O papel da carne na dieta ancestral
A dieta atual dos humanos inclui grande quantidade de produtos de origem animal, mas a origem evolutiva desse padrão alimentar ainda suscita debates. Fósseis não preservam intestinos e, portanto, análises diretas sobre evolução do trato digestivo dos hominídeos não são possíveis. Indiretamente, no entanto, estudos morfológicos sugerem que os australopitecíneos — hominídeos ancestrais — possuíam abdômen proporcionalmente maior, possivelmente adaptado a dietas mais ricas em vegetais fibrosos. Em contrapartida, tanto humanos modernos quanto fósseis de Homo arcaico exibem indícios de intestinos menores e mais compactos, sugerindo uma dieta de maior densidade energética, compatível com maior consumo de carne.
Anatomia e fisiologia digestiva humana: mais próxima dos carnívoros
Comparações entre o trato gastrointestinal humano e o de outros mamíferos reforçam a ideia de adaptações à carne. Animais herbívoros, como bovinos e cavalos, apresentam intestinos longos e volumosos para fermentação e digestão de fibras vegetais, com proporções intestinais que podem atingir 20 vezes o comprimento corporal. Já em humanos, essa proporção é de aproximadamente 5:1 — muito próxima a de carnívoros típicos como cães e gatos.

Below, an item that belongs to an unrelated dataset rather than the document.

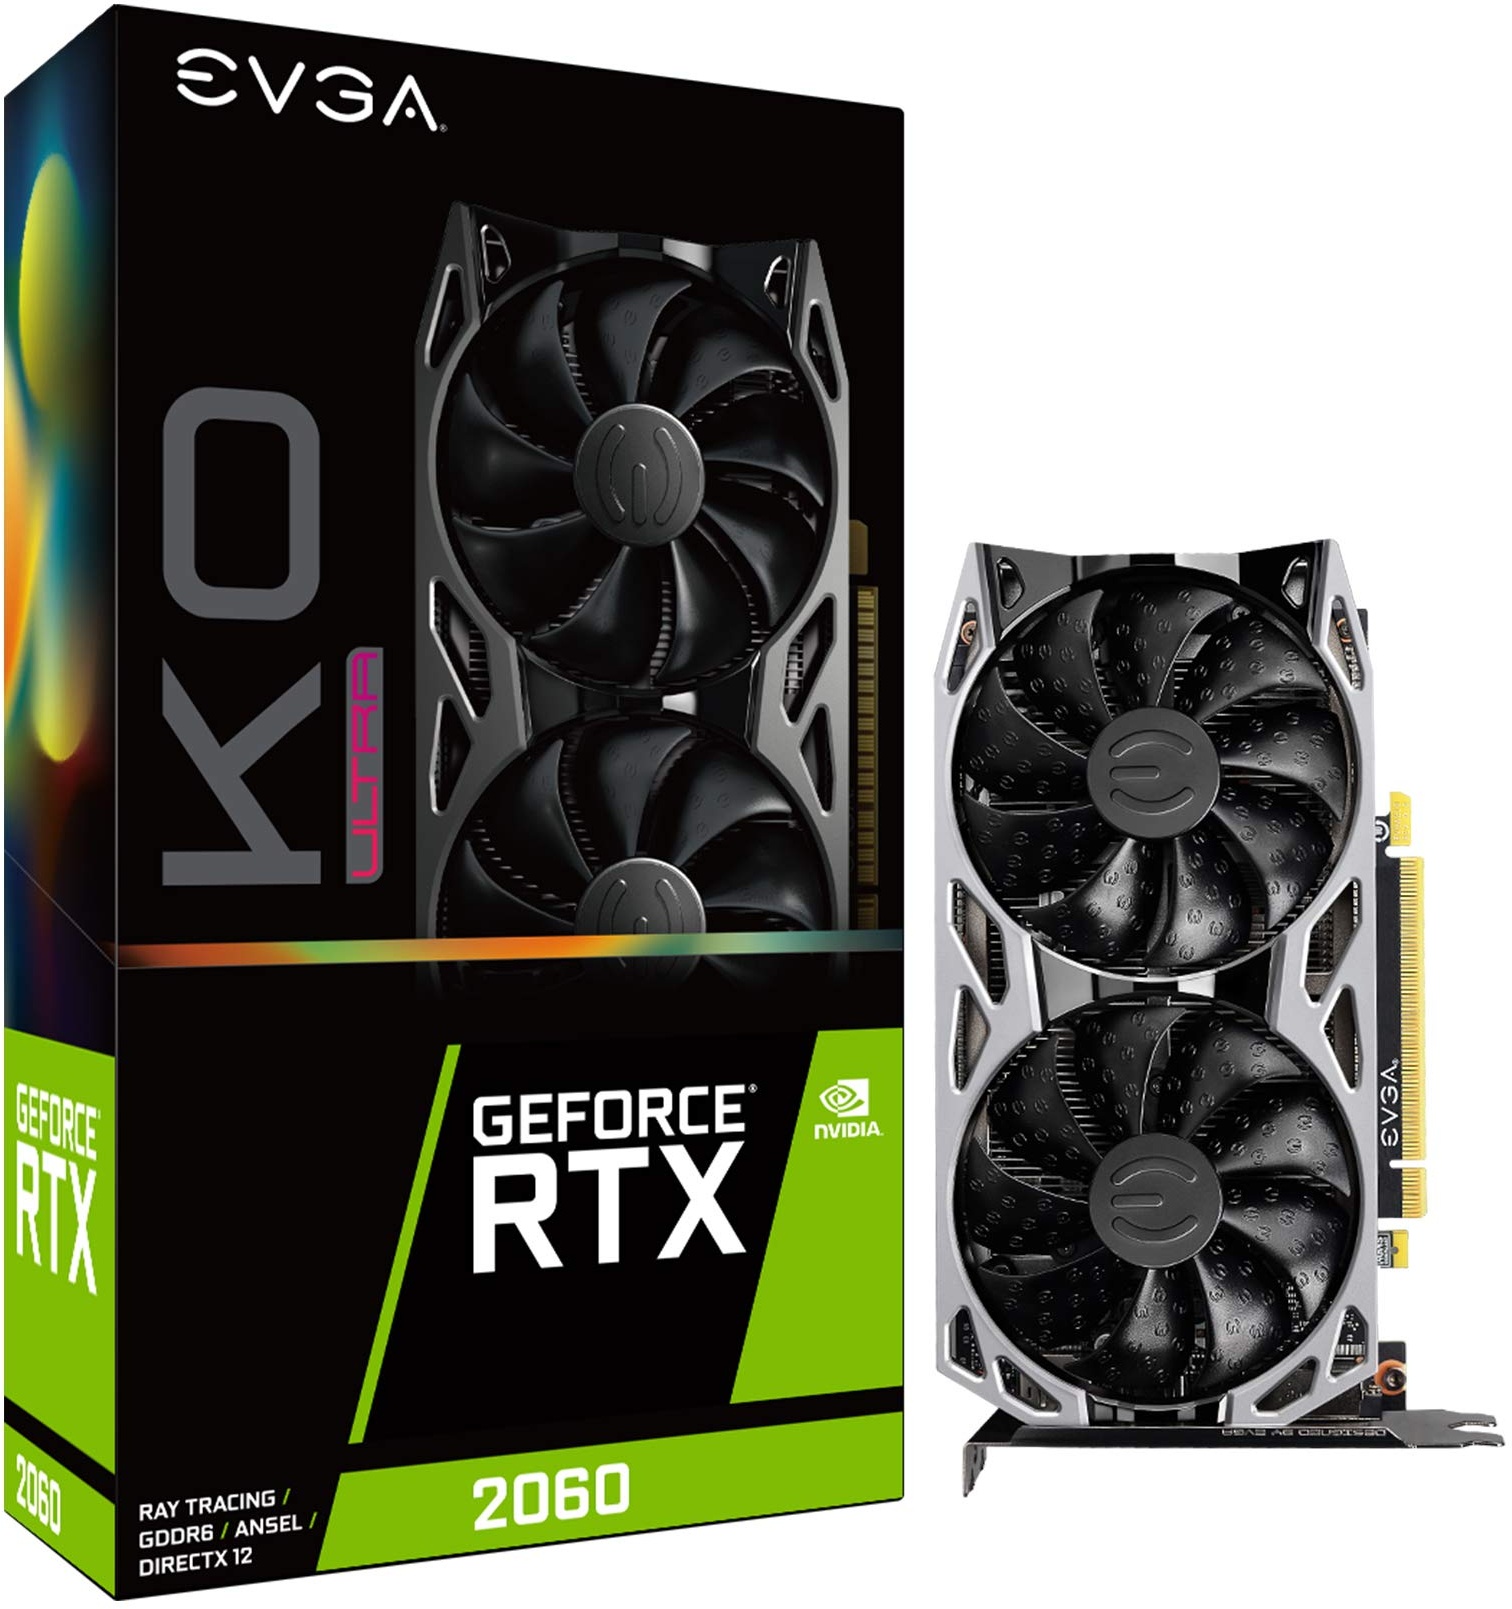 EVGA GeForce RTX 2060 KO Ultra Gaming, 6 GB GDDR6, Dual Fans, Metal Backplate, 06G-P4-2068-KR

Além da anatomia, a fisiologia também aponta para adaptações ao consumo de carne: humanos absorvem preferencialmente ferro derivado de heme — presente em alimentos animais —, enquanto herbívoros dependem da absorção de ferro iônico de origem vegetal. Essa eficiência na extração de nutrientes concentrados sugere que a evolução humana moldou um trato digestivo preparado para dietas ricas em proteína animal e gordura.
Parasitas como evidência de hábitos alimentares
Um dado curioso destacado no estudo diz respeito aos parasitas intestinais. Certos parasitas da família Taeniidae, como Taenia saginata e Taenia solium, usam exclusivamente os humanos como hospedeiros definitivos. Esses parasitas têm ciclos de vida diretamente relacionados à ingestão de carne — em especial carne de porco e bovina — e são extremamente específicos para nossa espécie. Curiosamente, primatas próximos, como chimpanzés, que ocasionalmente consomem carne, não são hospedeiros desses parasitas, indicando que a frequência e a regularidade do consumo de carne no Homo sapiens foram fatores determinantes para essa associação biológica.
Essa relação íntima com os parasitas carnívoros revela não apenas hábitos alimentares, mas também padrões de exposição antigos e consistentes, sugerindo que o consumo de carne foi uma prática regular por longos períodos da evolução humana.
Eficiência energética e dieta
Outro ponto relevante abordado no estudo foi a comparação das necessidades energéticas em relação ao peso corporal. Animais carnívoros tendem a consumir menos energia por quilograma de peso corporal do que herbívoros. Nesse aspecto, os humanos novamente se aproximam do padrão carnívoro: nossa demanda energética ajustada ao peso é muito menor do que a dos grandes herbívoros e semelhante à de predadores como cães e felinos.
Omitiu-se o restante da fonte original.